I was wondering what benefits you have received from practicing Aikido?

In my case, Aikido has helped me with the following:

I can give a better massage by reading the subtle movements of my client's body.

Breakfalls (icy ground, falling from a bike, a very practical skill).

Better conflict management.

Better understanding of angles and circles.

Easier time to find my center and move from center.

Mixed with Kenpo (EPAK) be able to generate a lot of power with less effort.

Mixed with FMA knife drills and disarms (also energy drills) come easier.

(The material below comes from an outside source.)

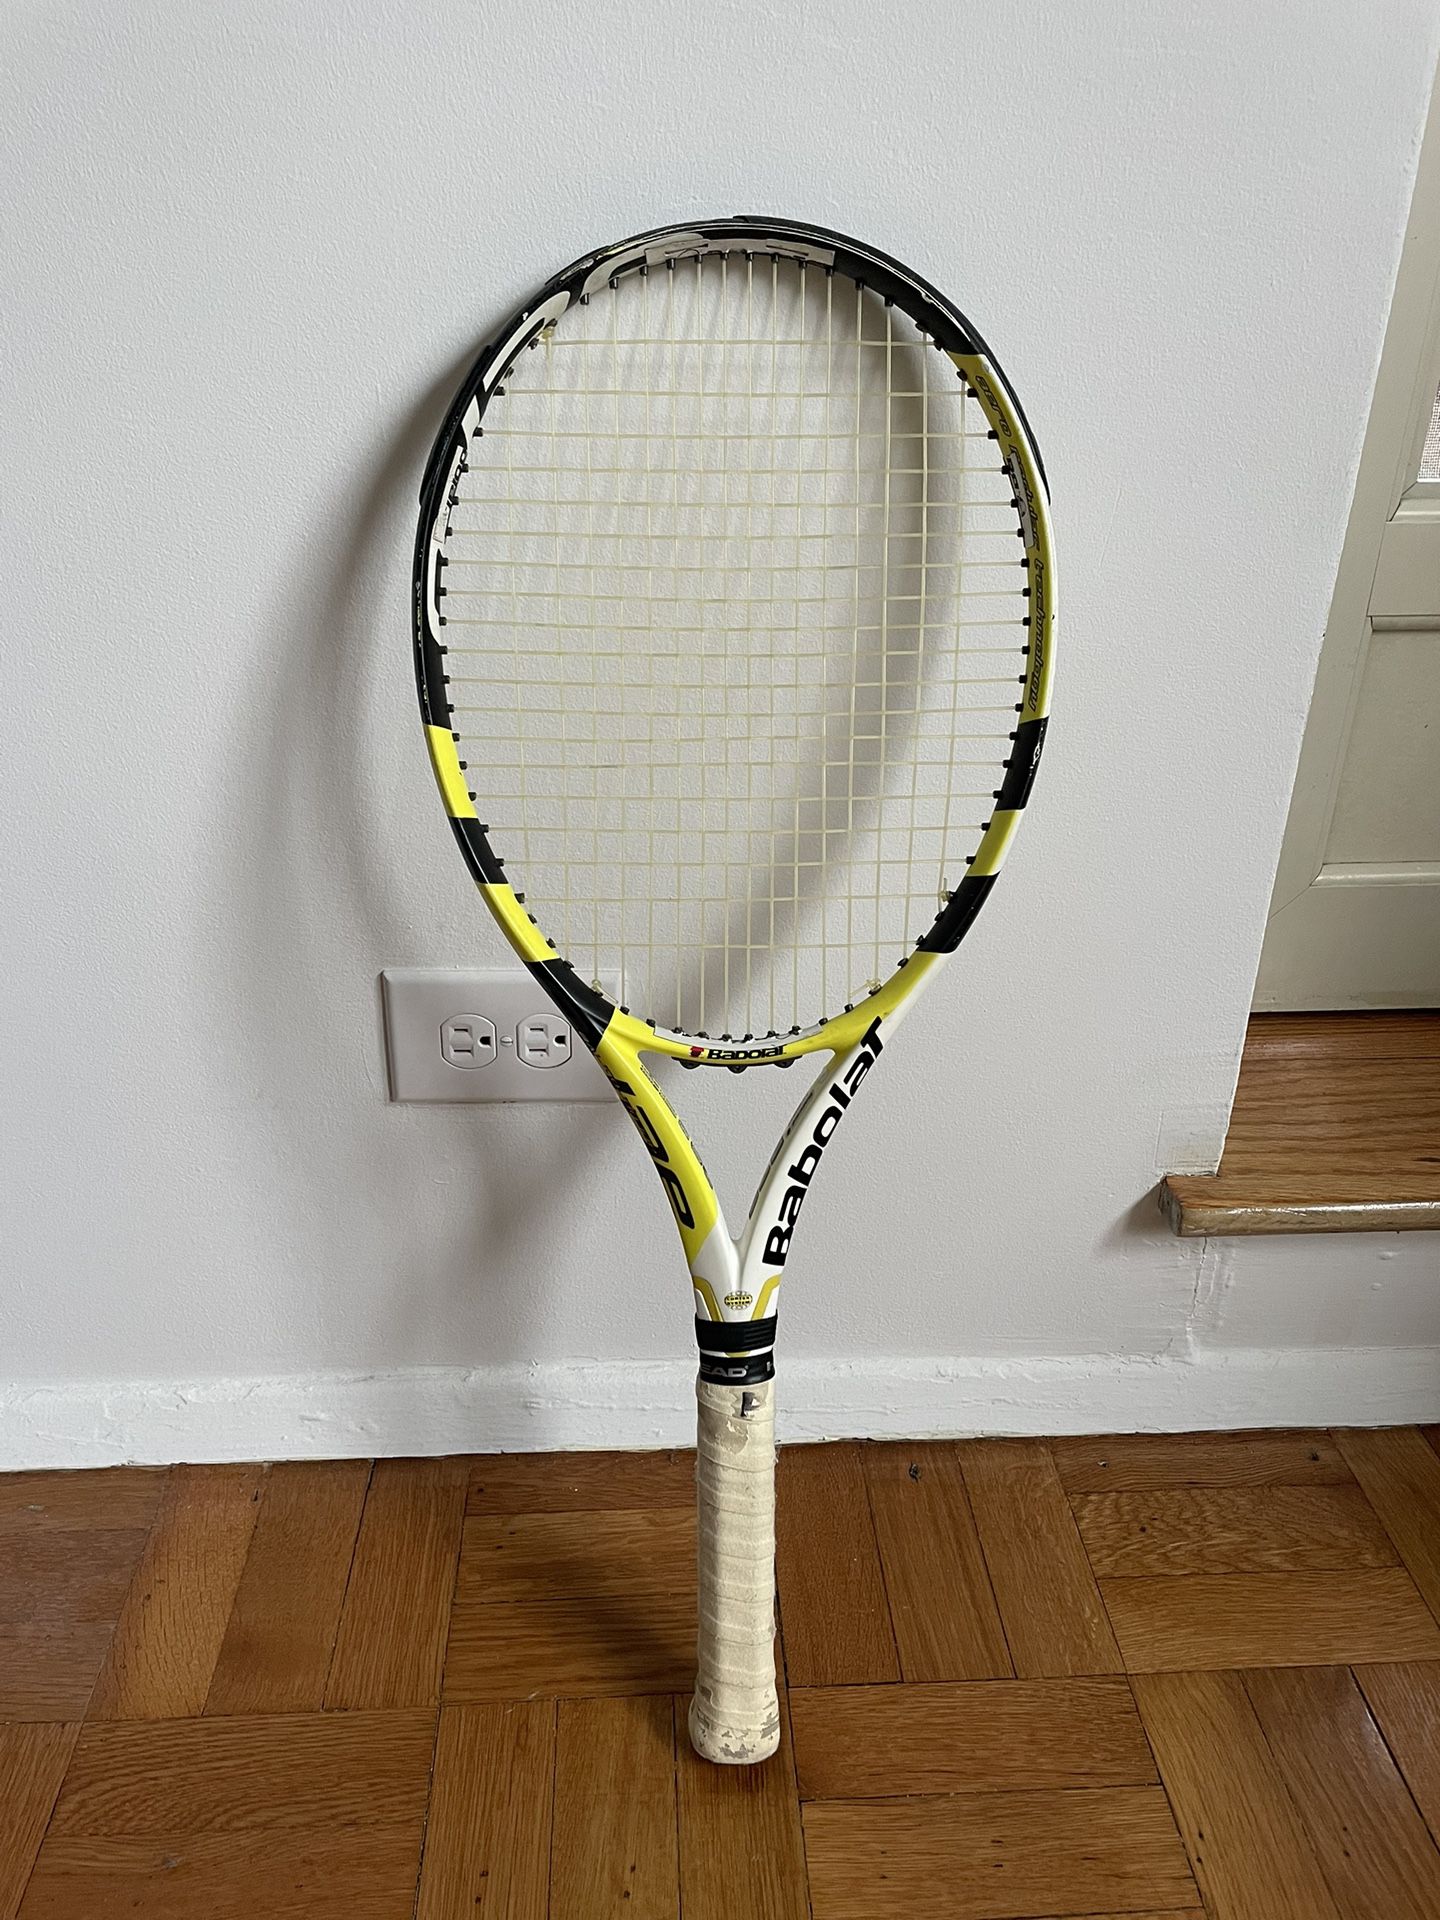 Babolat Aeropro Drive Tennis Racket

Mixed with Silat get a better feel for body manipulations and take downs.

What about you guys?


----------



## Yari (Oct 6, 2008)

I would say mostley the same things... 

Center
Balance
Softer and harder conflict - knowing to use which
Friends
Good basis for self defence

/yari


----------



## tempus (Oct 6, 2008)

Actually it has improved my golf game.  I always had the habit of muscling everything.  Since Aikido I am a lot more relaxed in my swing.  Thus, I do not slice as much.  Although pitching is another story.....

-Gary


----------



## morph4me (Oct 7, 2008)

I find that one of the biggest and most unexpected benefits is at home and at work. I don't argue with people anymore, I take their side and lead them to mine. I love the way the aiki priniples work not only on the physical level, but the mental as well.


----------



## ejaazi (Oct 8, 2008)

Builds up pretty good endurance.


----------



## theletch1 (Oct 8, 2008)

I breath better.  I'm able to manipulate people better (that's not always a bad thing if you think about it) by reading their energy.  I'm a happier person after the release of chemicals in my brain after training.  And, as stated regarding the massage, there are other times where being able to read subtle changes in the body of another person that comes in very handy.


----------



## Mike Hamer (Oct 8, 2008)

tempus said:


> Actually it has improved my golf game. I always had the habit of muscling everything. Since Aikido I am a lot more relaxed in my swing. Thus, I do not slice as much. Although pitching is another story.....
> 
> -Gary


 

I remember reading about that in a book called Ki in Daily Life.


----------